2. Patients with active central nervous system and meninx involvement.
3. Previously treated with mitoxantrone or mitoxantrone liposome.
4. Previously treated with adriamycin or other anthracyclines, with the total cumulative
dose (doxorubicin equivalent) > 400 mg/m^2.
5. Previously treated with chimeric antigen receptor T-cell.
6. History of autologous hematopoietic stem cell transplantation or allogeneic
hematopoietic stem cell transplantation within 6 months prior to screening.
7. Patients With interstitial lung disease that requires treatment.
8. History of other malignant tumor within 5 years, except for DLBCL in this trial or
resected locally cancer that has been cured (e.g.basal cell or squamous cell skin
cancer, superficial bladder cancer, carcinoma in situ of the cervix or breast).
9. Participating in any other intervention clinical trials within 4 weeks prior to the
first dose except for participation in an observational (non-interventional) clinical
study or the follow-up phase of an interventional study.
10. Any steroid hormone treatment within 4 weeks prior to the first dose, chemotherapy and
targeted therapy within 28 days, radiotherapy within 14 days, antibody therapy within
28 days, Chinese herbal treatment within 14 days.
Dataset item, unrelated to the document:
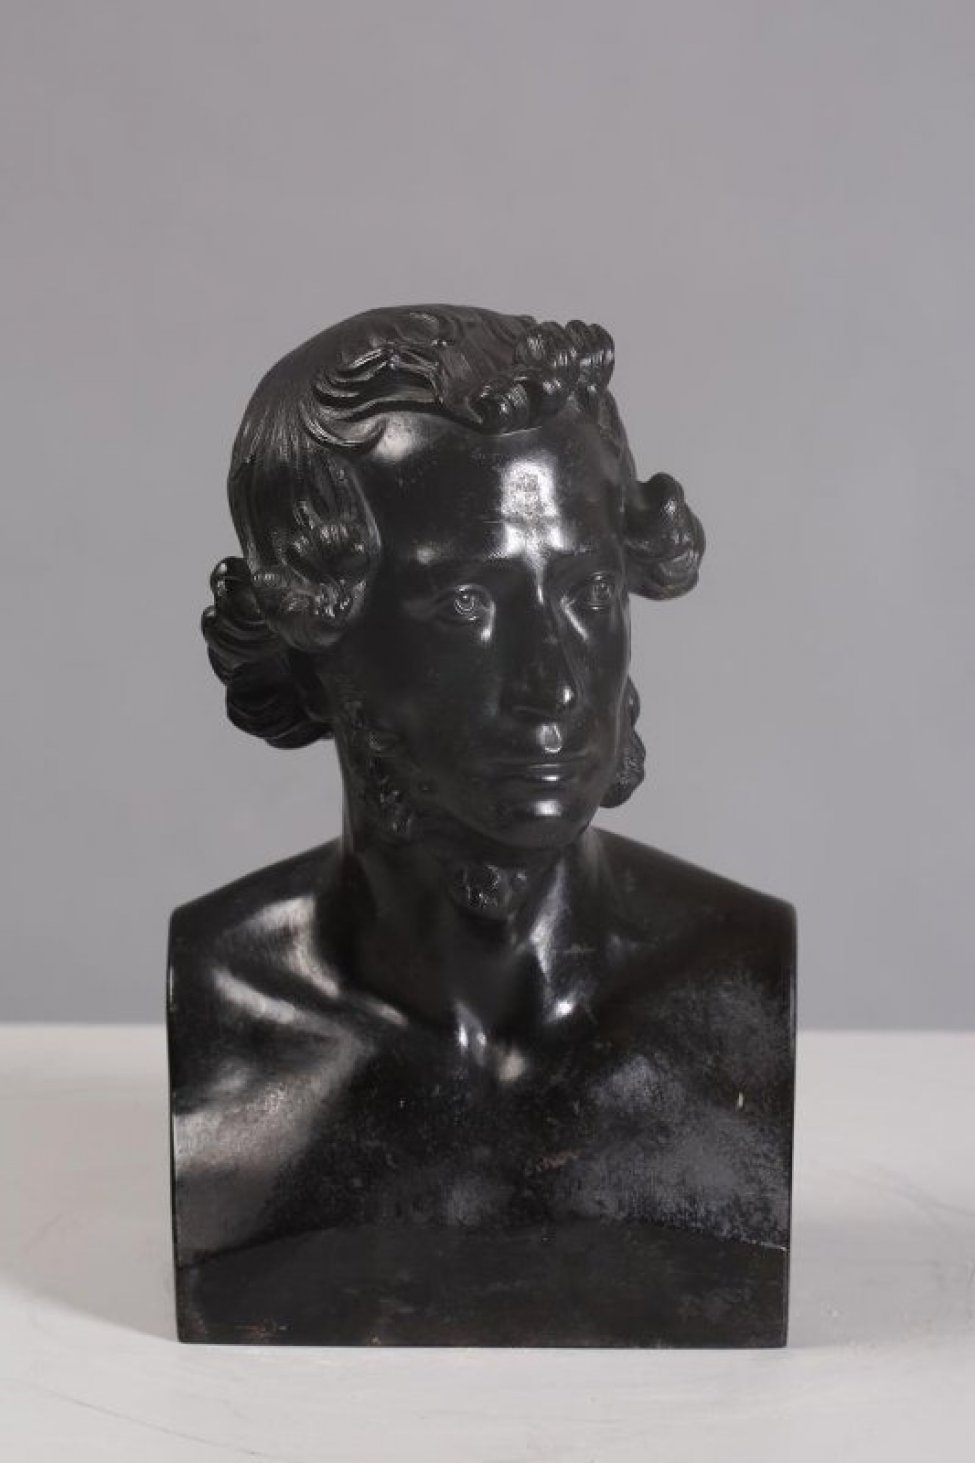 Изображен погрудно  А.С. Пушкин, с пышными кудрявыми волосами, на лице баки. Голова повернута немного вправо.

11. Adverse events from the previous treatment have not resolved to ≤ Grade 1 (except for
alopecia, hyperpigmentation).
12. HIV infection, active hepatitis B (positive for HBsAg, or positive for HBcAb with
positive for HBV-DNA PCR), active hepatitis C(positive for anti-HCV with positive for
HCV-RNA PCR), or active syphilis infection; for patients with HBV infection, consider
enrolment if the disease is under control.
13. Patients with active pulmonary tuberculosis.
14. Any active infections requiring systemic or venous anti-infective treatment.
15. Patients with major surgery within 4 weeks prior to the first dose, and not recovered
from any previous creative operation.
16. Any of the following conditions occurs in cardiac function:
1. Electrocardiographic examination: QTc >480 msec;
2. Clinically significant arrhythmias, including but not limited to complete left
bundle branch block or Second-degree atrioventricular block disease, PR> 250
msec;
3. Any risk that increase prolonged QTc or arrhythmia events, for example
uncorrectable hypokalemia, hereditary long QT syndrome, and patients treated with
medications that prolong QT intervals but discontinuation for less than 15 days;
4. History of congestive heart failure, New York Heart Association (NYHA)≥grade 2;
5. The cardiac ejection fraction is less than 50% or lower than the lower limit of
the laboratory test value range of the research center;
6. History of myocardial infarction, unstable angina pectoris, severe unstable
ventricular arrhythmia or any other arrhythmia requiring treatment, history of
clinically significant pericardial disease, or ECG evidence of acute ischemia or
active conduction system abnormalities within 6 months prior to the first dose.
17. History of allergy and contraindications to the same class and excipients of the
experimental drug.
18. Pregnant or breastfeeding women;
19. Not suitable for this study as determined by the investigator due to other reasons
(e.g.uncontrolled hypertension, uncontrolled diabetes, active bleeding, etc).